Sidebar Title

Visualizations created by Janette Avelar for EDLD 652 Data Visualizations (Winter 2021).

Data gathered from the National Center for Education Statistics (NCES): Integrated Postsecondary Education Data System’s (IPED) Institutional Characteristics (IC) survey and the Modern Language Association (MLA) Enrollments in Languages Other Than English in United States Institutions of Higher Education survey.

Data Sources:

MLA Language Enrollment Survey

NCES Institutional Characteristics Survey

Project Purpose

Column

Welcome!

Row

What is the purpose of this project?

The following visualizations are intended to convey information about enrollment trends in higher education institutions for non-English language courses in the United States. The data used was compiled from a Modern Language Association (MLA) national survey implemented periodically between 1958 and 2016 which gathers information about each individual institution, including languages offered, enrollment numbers, institution type, geographic information, history of the institution’s name, and accreditation, together with the NCES IPEDS Institutional Characteristics (IC) Survey data.

Though my primary interest is in studying heritage language programs and support systems in postsecondary institutions, I chose to analyze this dataset despite the fact that it does not highlight information about heritage language programs primarily because that data does not exist on this level. Existing research and existing heritage language programs are limited and suffer a significant challenge in obscurity. Higher education institutions that do opt to offer heritage language courses often house them within larger modern language departments as a series of courses taken before moving into advanced language courses with second-language learners, which can significantly limit potential enrollment and interest. How do you pursue a program you don’t even know exists?

This problem has several ramifications for my ability to conduct further research. Firstly, I don’t have a real idea of how many institutions currently offer any type of heritage language support system(s). Secondly, even when they are present, I don’t have an idea of how often they’re utilized, what kind of interest they generate among students, what the major goals and interests of current programs are, and what characterizes current heritage language pedagogical practices outside of limited case studies that are not generalizable on their own.

The hope is that the larger language trends offer a starting point. Though we can’t make any inferences about heritage learners specifically using this data, what we can understand looking at enrollment trends are which languages are showing enrollment stability or growth to the extent that additional support systems could be more easily justifiable and implementable. It also tells us which geographic areas in the country show significantly higher language learning trends as a way to approach a given area for closer scrutiny.

Taking into account the limitations of this data, any sweeping generalizations about the types of programs that should or should not be implemented is not a responsible claim to make. Rather, what this data presents is a perspective from which to argue for further data collection that can help us understand a given institution’s language program needs as reflected by student utilization and motivation. For example, one potential avenue this makes room for is characterizing the student data gathered for potential recruitment efforts. Another would be cross-institutional collaboration between language departments and other departments to create course offerings that supplement student learning in other areas through non-English languages.
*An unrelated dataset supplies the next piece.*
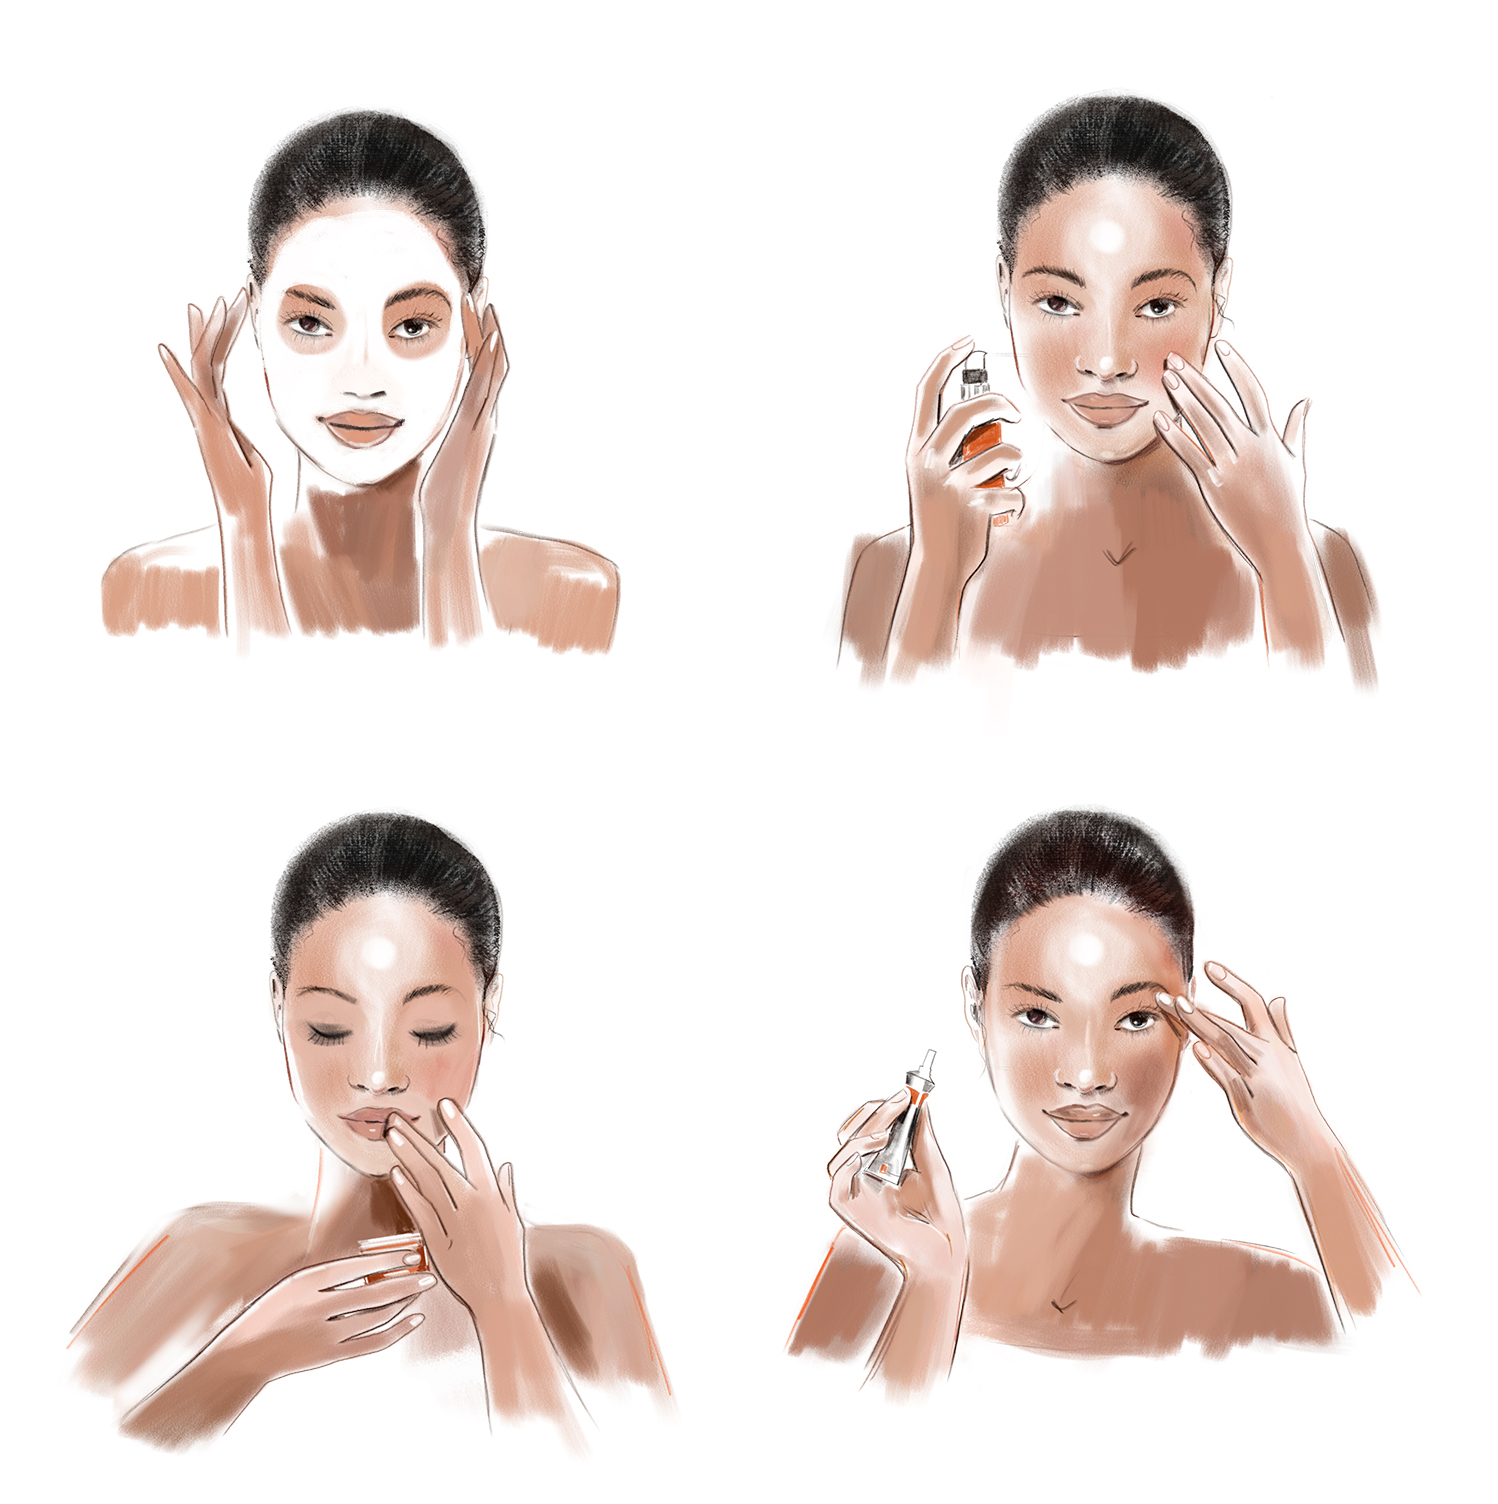 Makeup Illustration
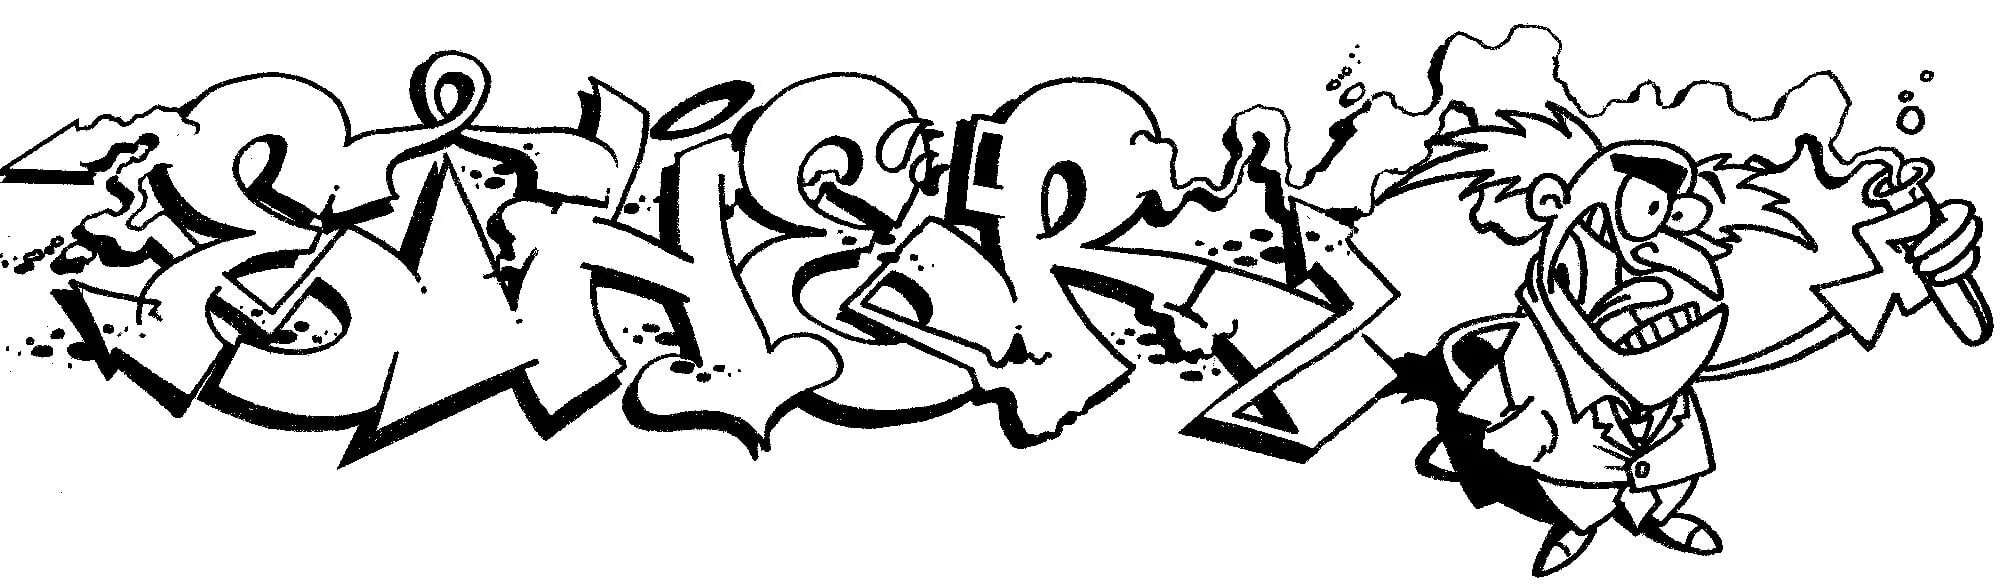 Graffiti sketch #11

Heritage Language Maintenance

What is a heritage language and why do we need to maintain it?

More broadly, the term heritage language refers to any language that is not the dominant language in a given place. In the U.S., that means any language besides English that an individual has had significant exposure to early in their life. Similar terms include native language, first language, or home language.

The reason I use the term heritage language is to refer to a specific relationship between the language, associated culture, and one’s identity. Heritage languages are also often associated with patterns of diminished language use or complete loss across generations, even when it’s present as the home language. For example, I am a second-generation immigrant with parents from El Salvador and Honduras, and I grew up speaking Spanish at home. Despite that, growing up in the U.S. within a monolingual school system has impacted my ability to speak and write in Spanish, and, more generally, to communicate with other Spanish speakers. I know from firsthand experience that this language loss is more important than a matter of developing bilingualism or multilingualism. It has real, personal, socio-cultural and psychological impacts for a large number of individuals and families.

How is a heritage language learner different from a second language learner?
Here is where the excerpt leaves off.